Equipment fault mode extraction and identification method based on text mining technology

Technical Field

The invention provides an equipment fault mode extraction and identification method based on a text mining technology, which can make up for the defect that available quantitative data is deficient in a large-scale equipment development stage, so that fault mode analysis is difficult to effectively develop, fully utilizes equipment maintenance text information, and develops fault mode extraction and machine learning-based fault mode identification research by using the text mining technology, thereby effectively carrying out rapid equipment fault positioning and maintenance arrangement decision. The method is suitable for the relevant fields of equipment fault mode analysis and the like.

Background

Reliability is an important technical attribute for measuring the use efficiency of weapon equipment and complex systems, and along with the rapid development of science and technology, high reliability and long service life have become the general requirements for development, production and service of model equipment. Therefore, advanced and scientific reliability verification and comprehensive evaluation have become the basic basis for equipment sizing, and thus, life cycle management decisions. The fault mode analysis and the fault mode identification of the equipment system are important links of reliability assessment, provide required fault type information for the reliability assessment, and directly determine the validity of a reliability assessment result in terms of accuracy and high efficiency. However, due to the outstanding characteristics of high test cost, long development period and less field test data of the large equipment system, quantitative data information which can be used for directly carrying out equipment system fault mode analysis is deficient. Therefore, how to extract other data information rapidly and accurately, and alleviate the outstanding difficulty of insufficient field test data in the equipment test identification stage, and has extremely important significance for effectively carrying out equipment fault mode analysis and identification work.

During the development of equipment systems, a large amount of data information has not been effectively utilized. In fact, the equipment system has a large amount of text information in the development stage, and the content of maintenance reports and the like contained in the text information provides effective data for the equipment system to perform fault mode analysis. However, how to extract effective failure modes from recorded text information and establish a relationship between failure phenomena and failure modes, thereby guiding maintenance personnel to quickly locate failure sites has become a new challenge. In recent years, thanks to the development of big data analysis technology, text information mining methods have been widely studied and developed, which can extract valuable information contained in text files based on intelligent algorithms, organize and sort the valuable information, and realize mining of text knowledge. Therefore, the text mining technology provides a powerful technical tool for solving the problems of insufficient test data, unknown relevance between a fault phenomenon and a fault mode and the like in the fault mode analysis of the equipment system.
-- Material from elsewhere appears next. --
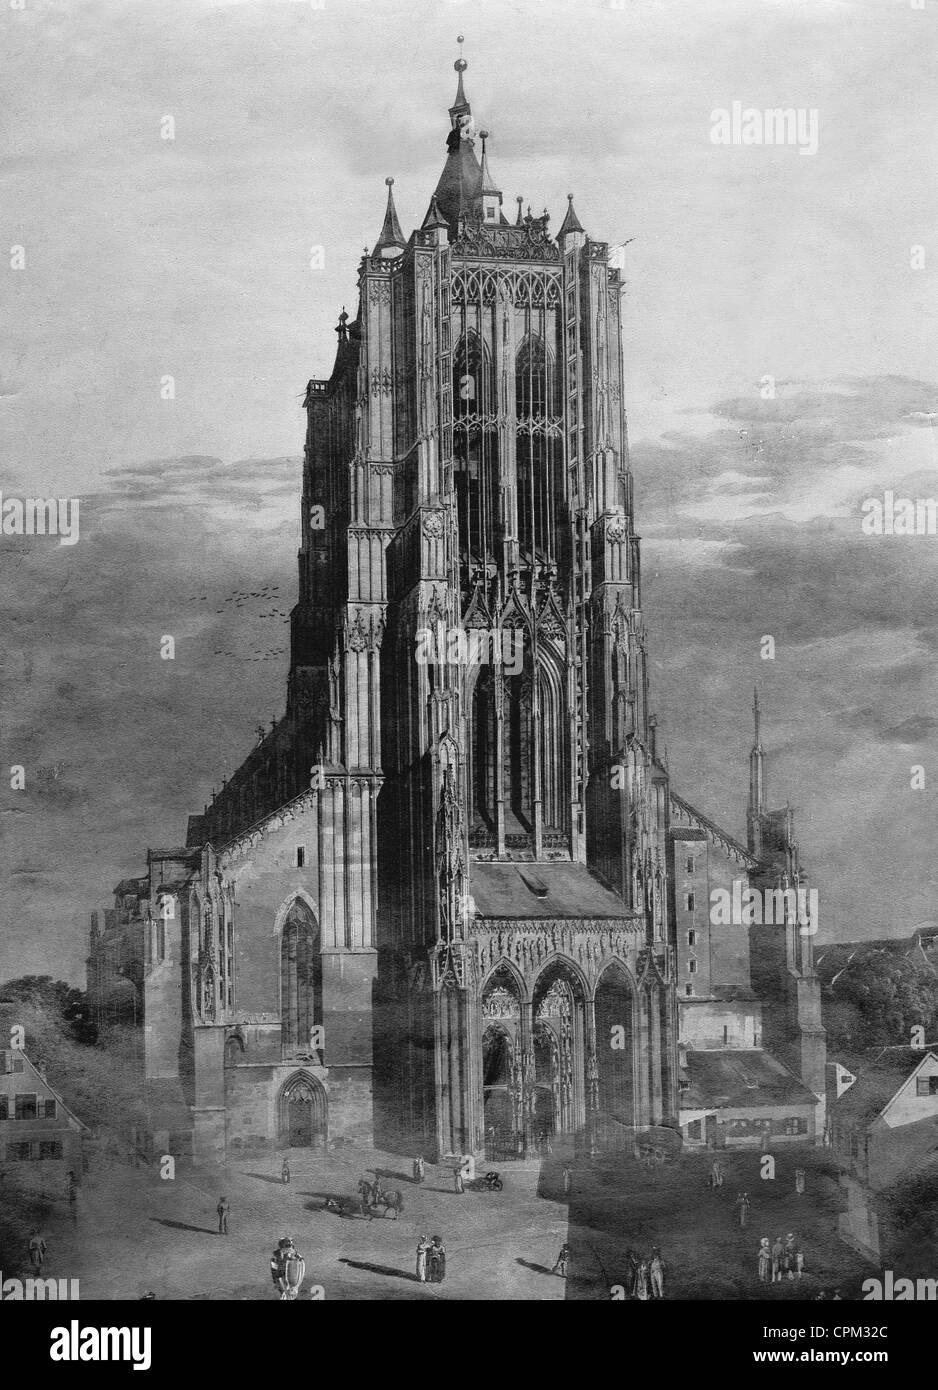 Dans Ulm Minster, vers 1800 Banque D'Images

Therefore, the invention aims at the problems that available quantized data is deficient and failure mode analysis is difficult to effectively develop in the equipment development stage, fully utilizes maintenance text information, and develops failure mode extraction and failure mode identification research based on machine learning by using a text mining technology. By effectively extracting the fault information in the text, the corresponding relation between the fault phenomenon and the fault mode is established, so that related staff can be effectively guided to carry out rapid fault positioning and maintenance activity arrangement.

Disclosure of Invention

The purpose of the invention is that: aiming at the problems that available quantized data is deficient and failure mode analysis is difficult to effectively develop in the equipment development stage, the invention fully utilizes maintenance text information, uses an intelligent extraction algorithm and a machine learning technology, and provides an equipment failure mode extraction and identification method based on a text mining technology, thereby establishing a corresponding relation between failure phenomena and failure modes and effectively carrying out quick positioning and maintenance arrangement decision of equipment failures.

The technical scheme is as follows:

based on the method and thought, the invention provides an equipment fault mode extraction and identification method based on a text mining technology, which comprises the following specific implementation steps:

step one: preprocessing text data;

chinese text is different from english text, has no space between words, and contains a large amount of useless information. Therefore, in order to effectively develop text information mining, data cleaning and preprocessing are firstly carried out on a maintenance text, so that structured text data is obtained, and the specific flow is as follows:

(1) unifying data coding formats;

chinese text information typically contains multiple encoding formats, severely impacting data processing efficiency. Considering the wide applicability of UTF-8 to various programming languages, the invention uses UTF-8 as a standard coding format to perform unified processing on all Chinese text information.

(2) Removing useless characters;

considering that punctuation marks are usually used for Chinese text information sentence breaking, arabic numerals relate to model information and partial quantization information, english letters relate to model specific component information, and all characters except the punctuation marks, the Arabic numerals and the English letters in a maintenance text are removed.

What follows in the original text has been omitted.